The following class uses an out T generic parameter:

class Foo<out T> {
  fun bar(f: () -> T): T {
    return f()
  }
}

This does not compile: "Type parameter T is declared as 'out' but occurs in 'in' position in type () -> T"

I don't understand why f: () -> T is not legal since it appears in an out position as a result. Can someone please explain an give an example where allowing this would break variance semantics?

The following class uses an out T generic parameter:

class Foo<out T> {
  fun bar(f: () -> T): T {
    return f()
  }
}

This does not compile: "Type parameter T is declared as 'out' but occurs in 'in' position in type () -> T"
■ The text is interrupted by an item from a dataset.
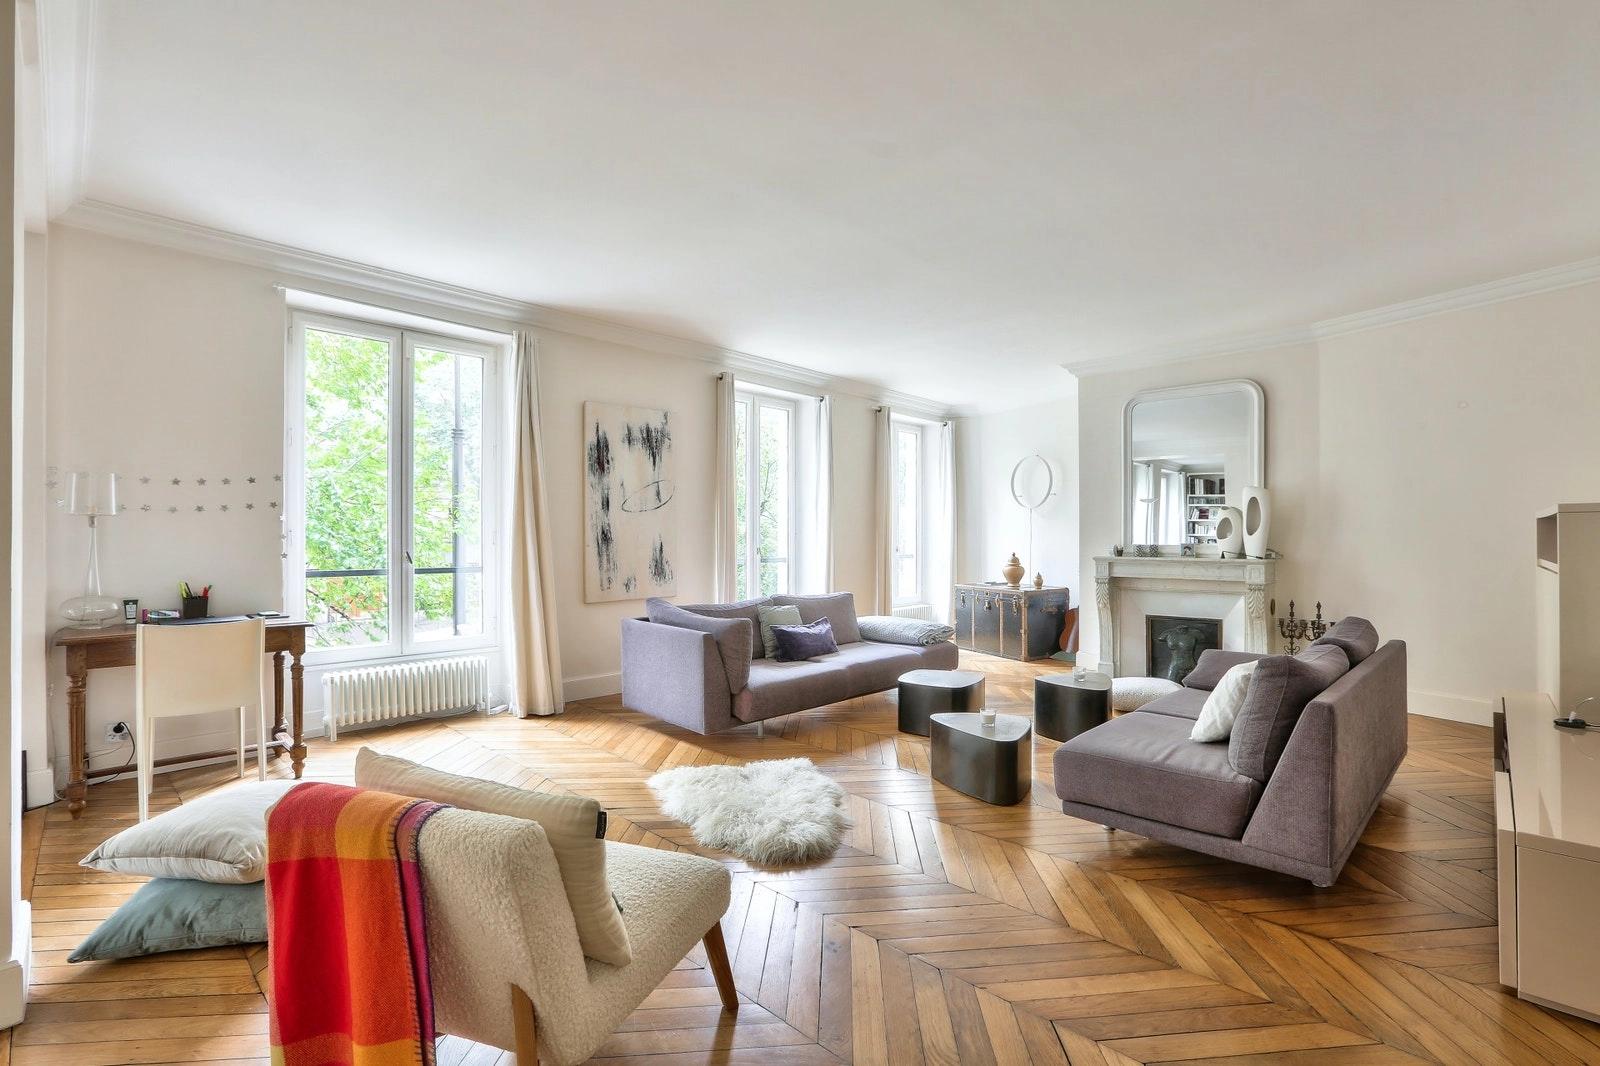 Sala dentro Preciosa, luminosa y cálida casa contemporánea de estilo Haussmann - 4

I don't understand why f: () -> T is not legal since it appears in an out position as a result. Can someone please explain an give an example where allowing this would break variance semantics?

• kotlin

3 Answers 3

In terms of "input position vs output position", fun bar(f: () -> T) is really no different from fun bar(f: T). In both cases, bar is taking a T as input. It's just that in the former case, the input is wrapped in a function, and bar can call it as many times as it wants.
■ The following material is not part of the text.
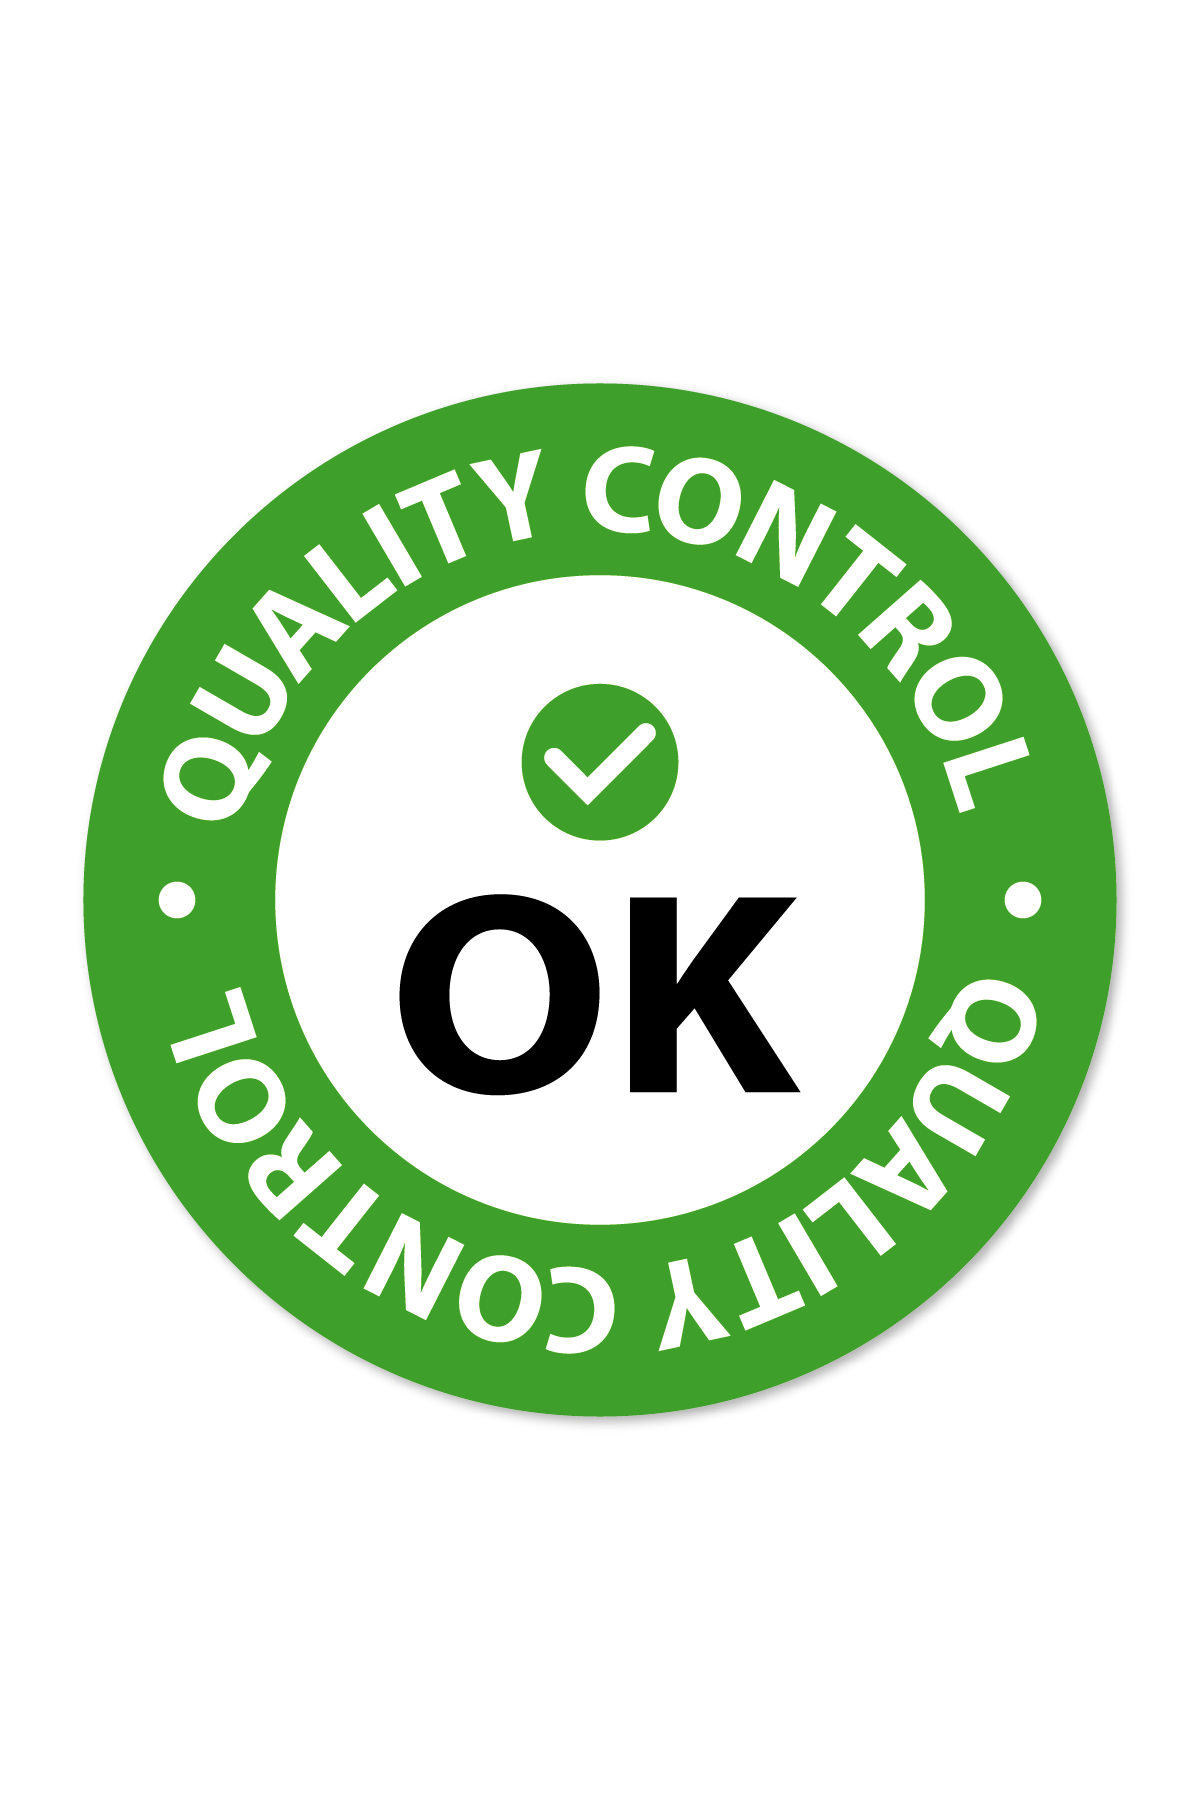 Kontrol sticker etiketi - quality control 1 plakada 100 etiket vardır.

In other words, if fun bar(f: () -> T) is allowed, then effectively fun bar(f: T) is also allowed, because the implementation of bar can just call f(), and do whatever a fun bar(f: T) would have done with f.
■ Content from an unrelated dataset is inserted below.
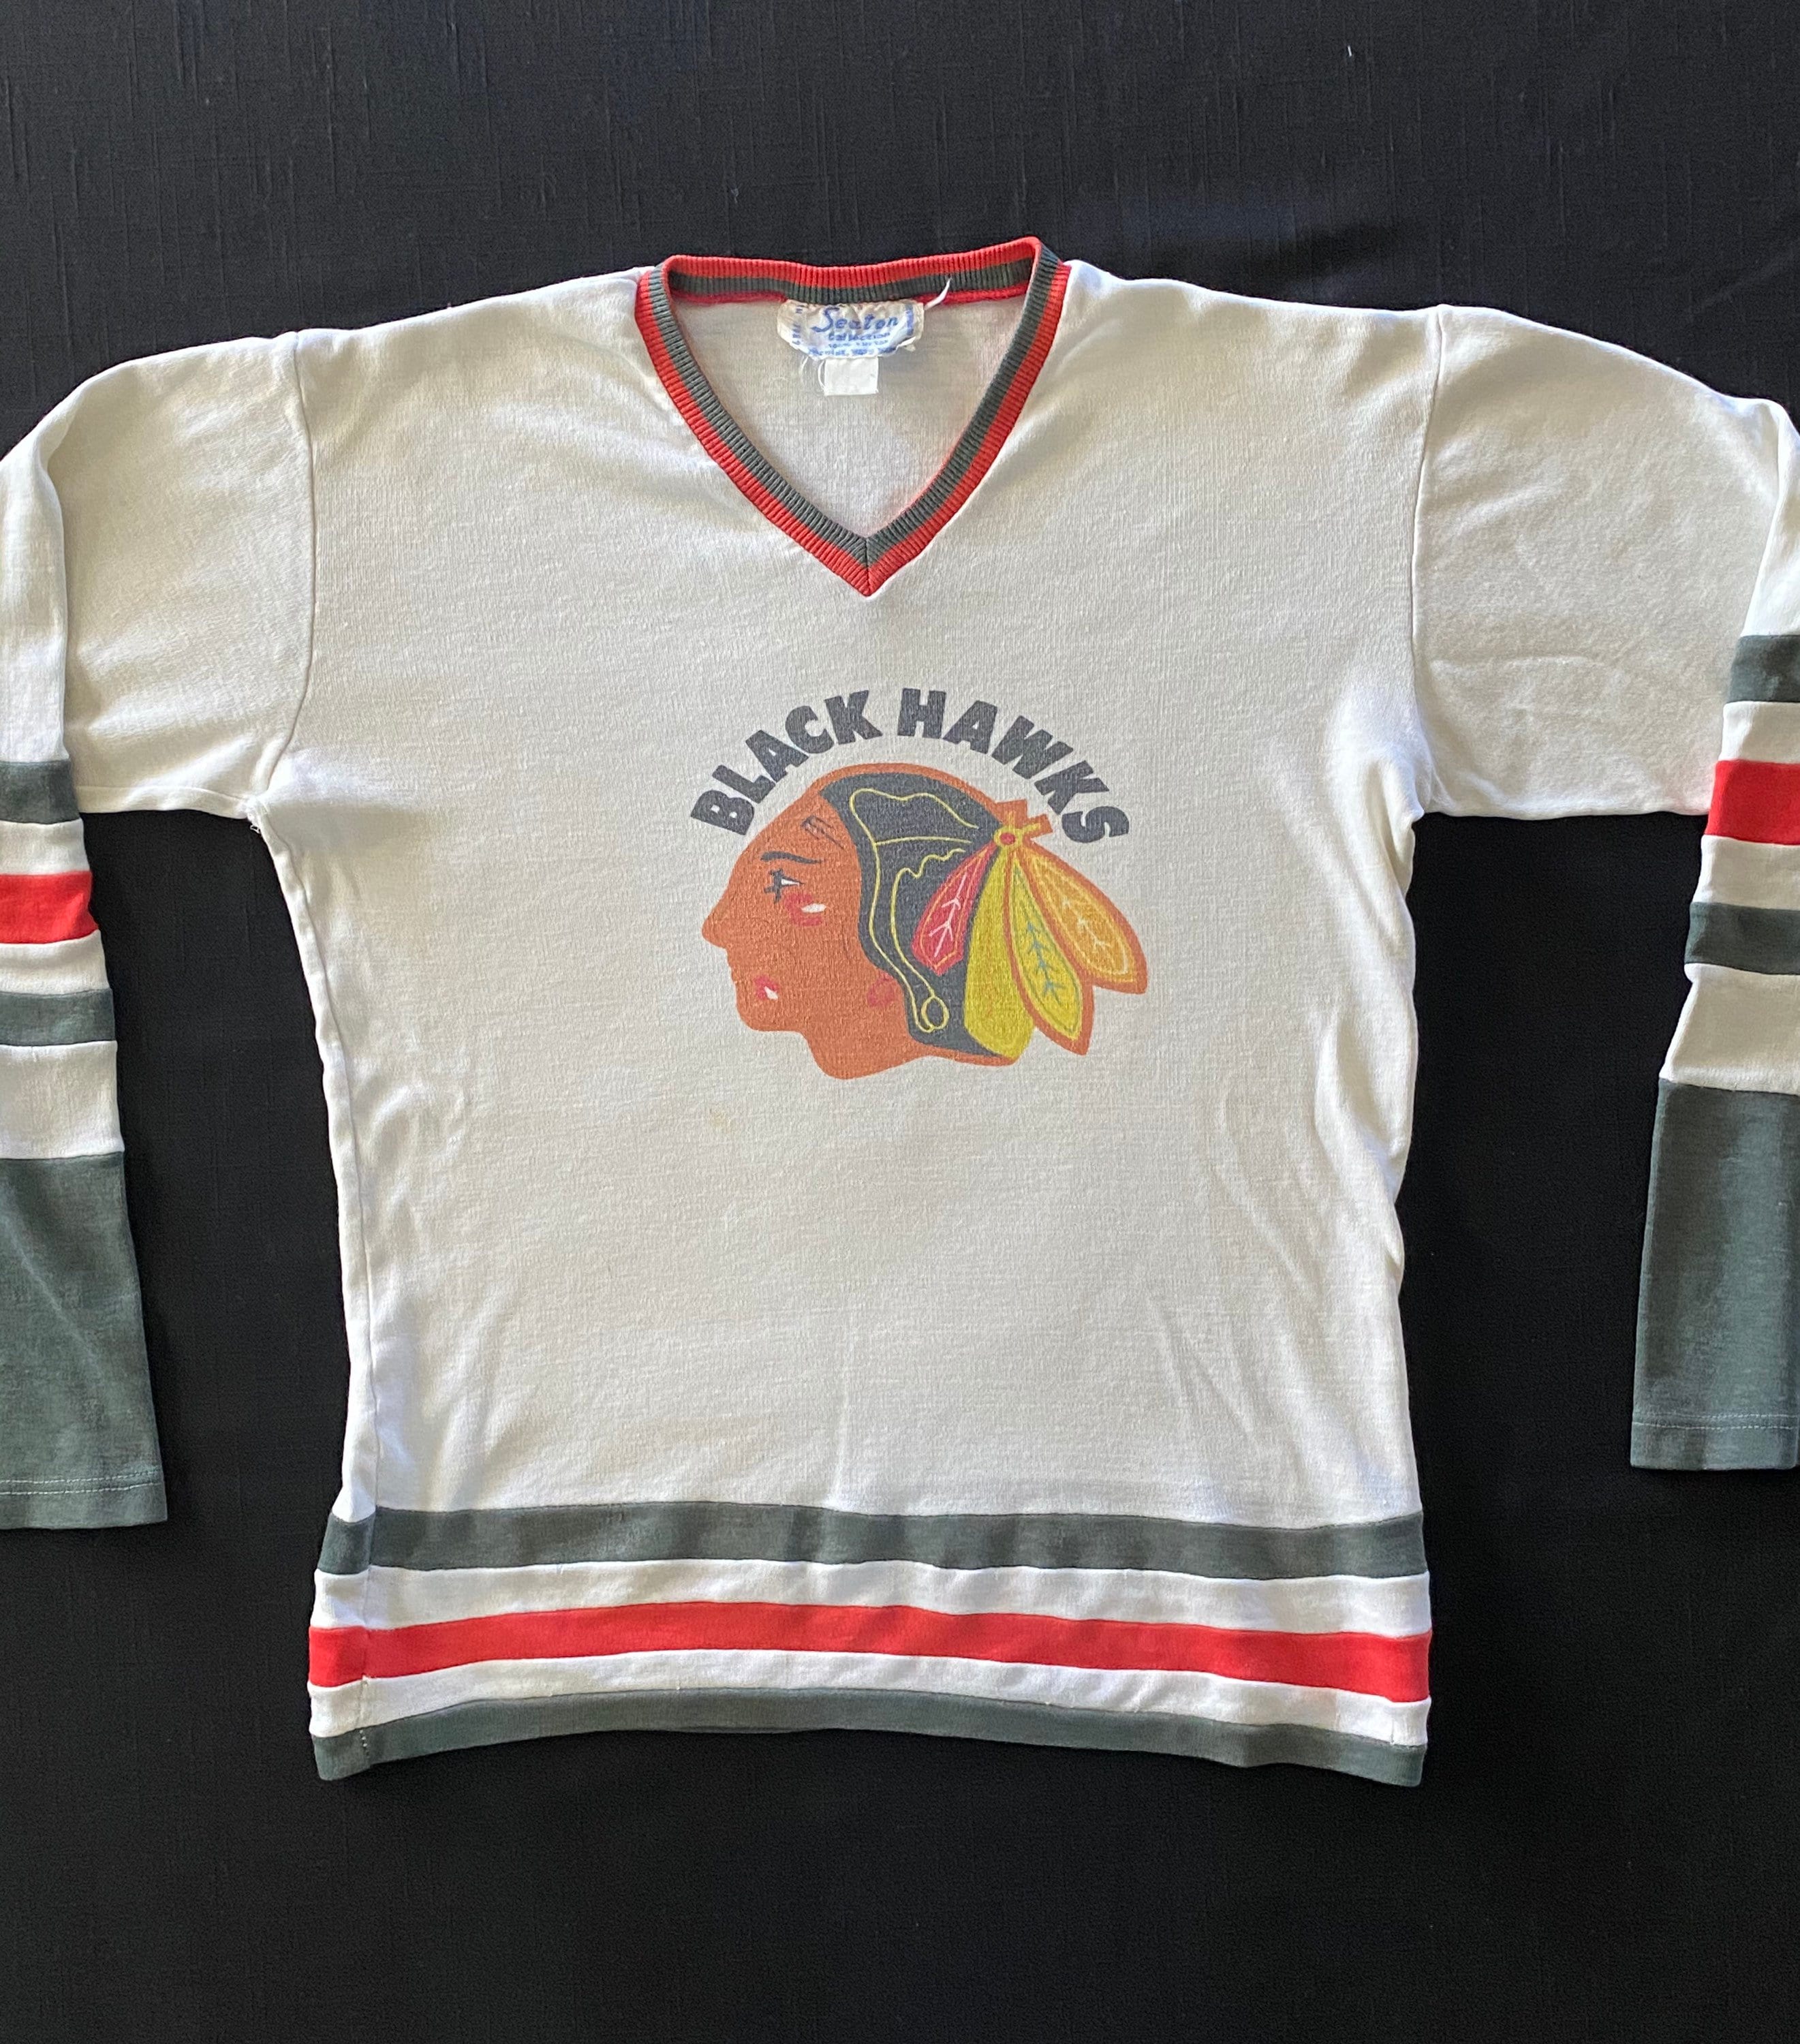 Chicago Blackhawks Sweatshirts in Chicago Blackhawks Team Shop

Kotlin's documentation on this is rather bad, so I will adapt the rules from the C# spec to explain the general rules. We say that an input-unsafe type cannot be used as a function parameter type, and an output-unsafe type cannot be used as a return type.

A type T is output-unsafe if one of the following holds:

• T is a contravariant (in) type parameter.
• T is a generic type S<A1, A2, ... An> where for at least one of the type parameters Ai, one of the following holds:
  • Ai is output-unsafe and the declaration site variance of the corresponding type parameter is covariant or invariant
  • Ai is input-unsafe and the declaration site variance of the corresponding type parameter is contravariant or invariant

A type T is input-unsafe if one of the following holds:

• T is a covariant (out) type parameter.
• T is a generic type S<A1, A2, ... An> where for at least one of the type parameters Ai, one of the following holds:
  • Ai is input-unsafe and the declaration site variance of the corresponding type parameter is covariant or invariant
  • Ai is output-unsafe and the declaration site variance of the corresponding type parameter is contravariant or invariant

Function types have contravariant parameters and covariant return types. We can easily show that () -> T (aka Function0<T>) in your code is input-unsafe. First, T is input-unsafe because it is covariant. Then we can conclude that () -> T is input-unsafe because T is an input-unsafe type and the type parameter of Function0 is covariant.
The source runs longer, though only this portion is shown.